Welcome to Fullbright.

Hi there.

Why don't we talk about why I'm making this blog? There are about two reasons.

The first is that I want somewhere to put out my thoughts on video games. I've been looking for a place like that for a while.

My first shot at it: starting in September 2004, I published three issues of the quarterly print zine The Journal of the Compugraphical Video Entertainment Medium (dig the joke title.) I wanted to write out a bunch of high-minded thoughts I'd had about narrative and game design and the role of the player and the player character and politics and gender and motivation in video games. So I did. But I wanted to take the air out of it a little, so I hamstrung it with that overlong pretentious title, Kinko'sed the entire thing, and started selling and giving away copies. I managed some good material in there, like interviews with Greg Kasavin of GameSpot, Jacob Andersen of Io Interactive, and Craig Hubbard of Monolith. I made a couple bucks off of it, got the title known around town a bit, and started writing about games for a local paper, which lasted about six months or so.

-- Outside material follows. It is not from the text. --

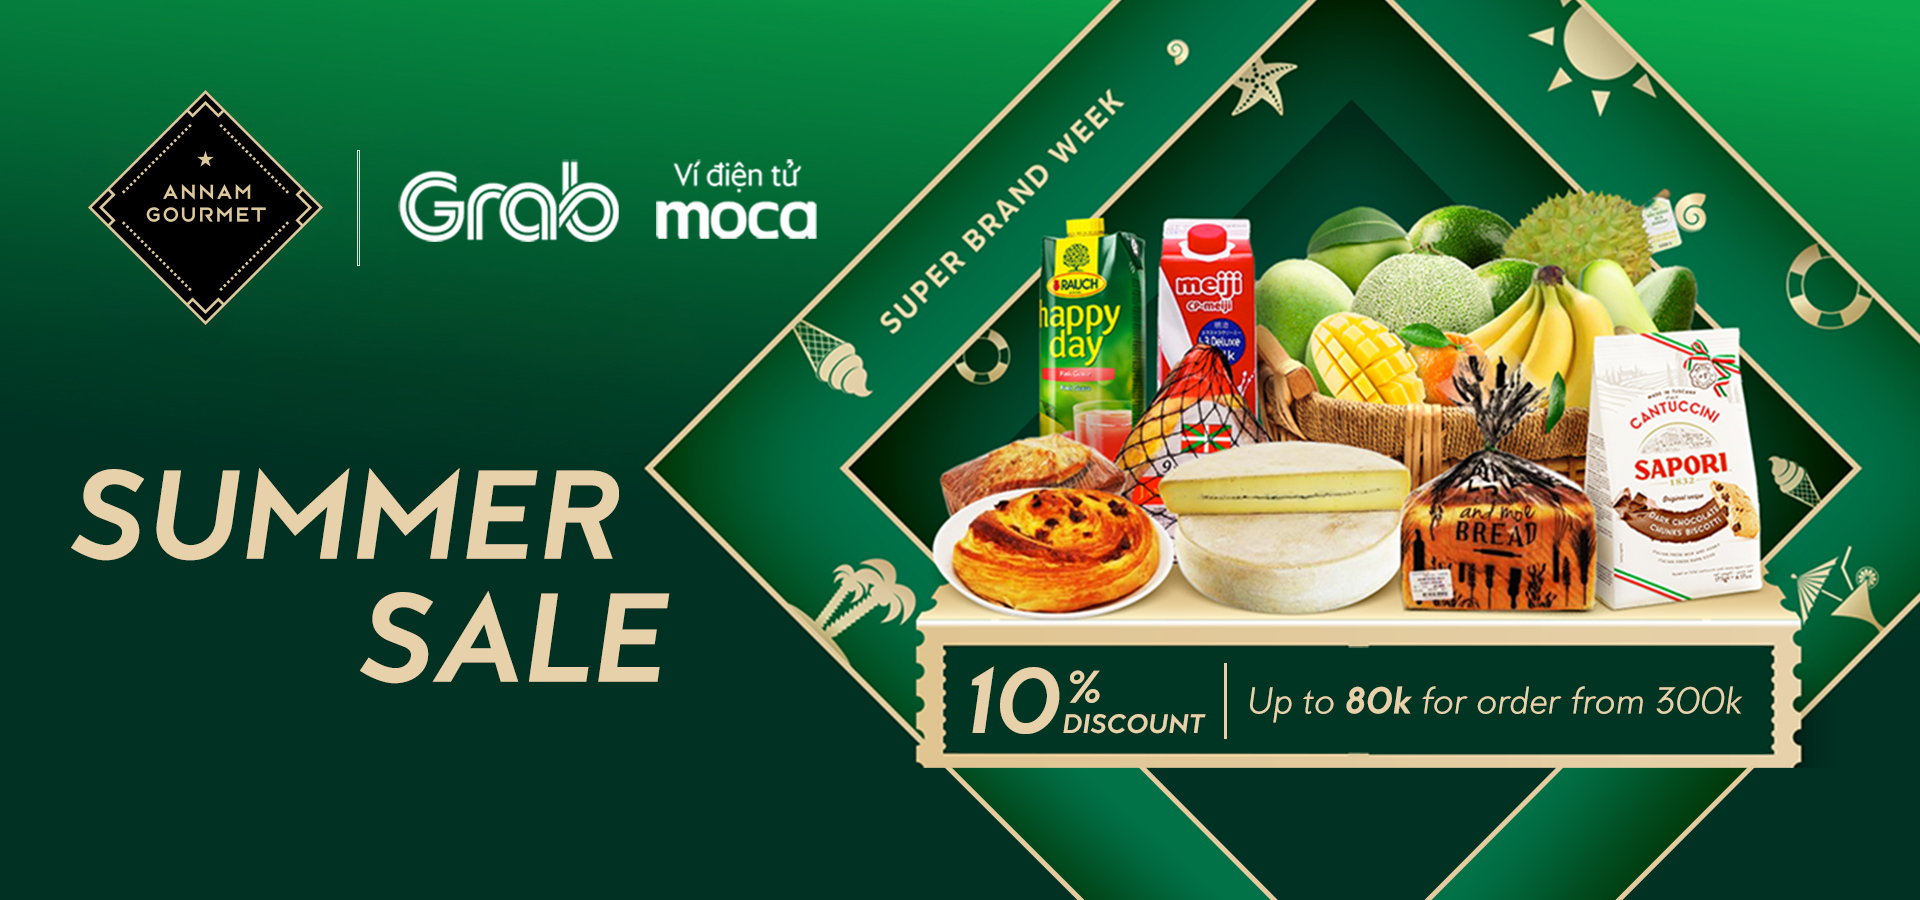 Annam Gourmet Promotion with Grab

But after three issues, the zine had run its course, and I moved out of town so I stopped writing for the paper. I was looking for a new place to continue writing about games, so I hooked up with Idle Thumbs, a transatlantic website about video games and the industry. I was really into it at first and put up a lot of material, posted news, reviews, opinion pieces, helped with the site artwork, and so forth. That lasted almost six months. By now I've realized that the editorial process at Thumb is completely broken, and I'm not interested in the site much anymore. Again a homeless writer.

So, here I blog.

Second thing: I'm not much satisfied just writing about the game industry at this point. I'm much more interested in the hands-on design and development side of games. Flat out, I've got to be all up in the games industry, helping it happen. I'm working on becoming a level and scenario designer, and I want to use this space to talk about the nuts-and-bolts stuff which that entails. I want to talk about design philosophy as well as the ins and outs of making successful playspaces for specific systems. And I want a place to paste up material from the levels I'm working on for my portfolio and to hash out the processes I'm going through there. I'm looking at a progress diary. A video game blog.

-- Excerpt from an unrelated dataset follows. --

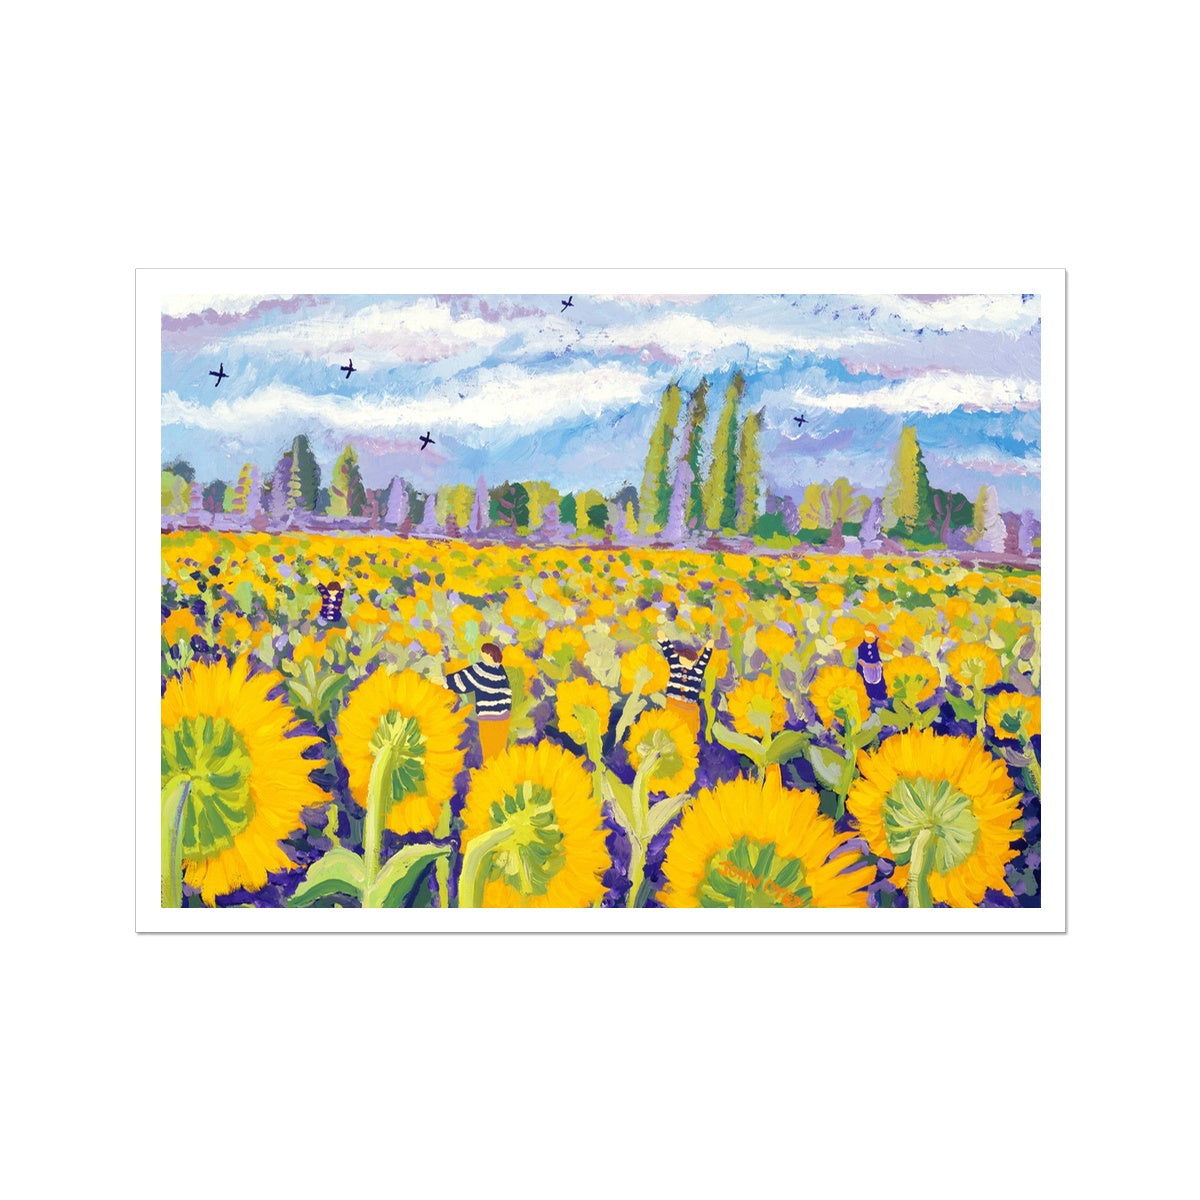 John Dyer Fine Art Print. Open Edition French Art Print. 'Hide and Seek in the Sunflowers'. French sunflower landscape.

-What will you find here?-

+ Media and commentary on pieces I'm constructing for my level and scenario design portfolio
+ Thoughts and commentary on game design issues and the games industry
+ Thoughts and commentary on specific games I've been playing

I don't know if I'm just doing this for myself or for an audience, but I hope that if you are reading this, you're interested in the same things I am, and that you'll get something out of this blog. Not that there's anything here yet. But soon.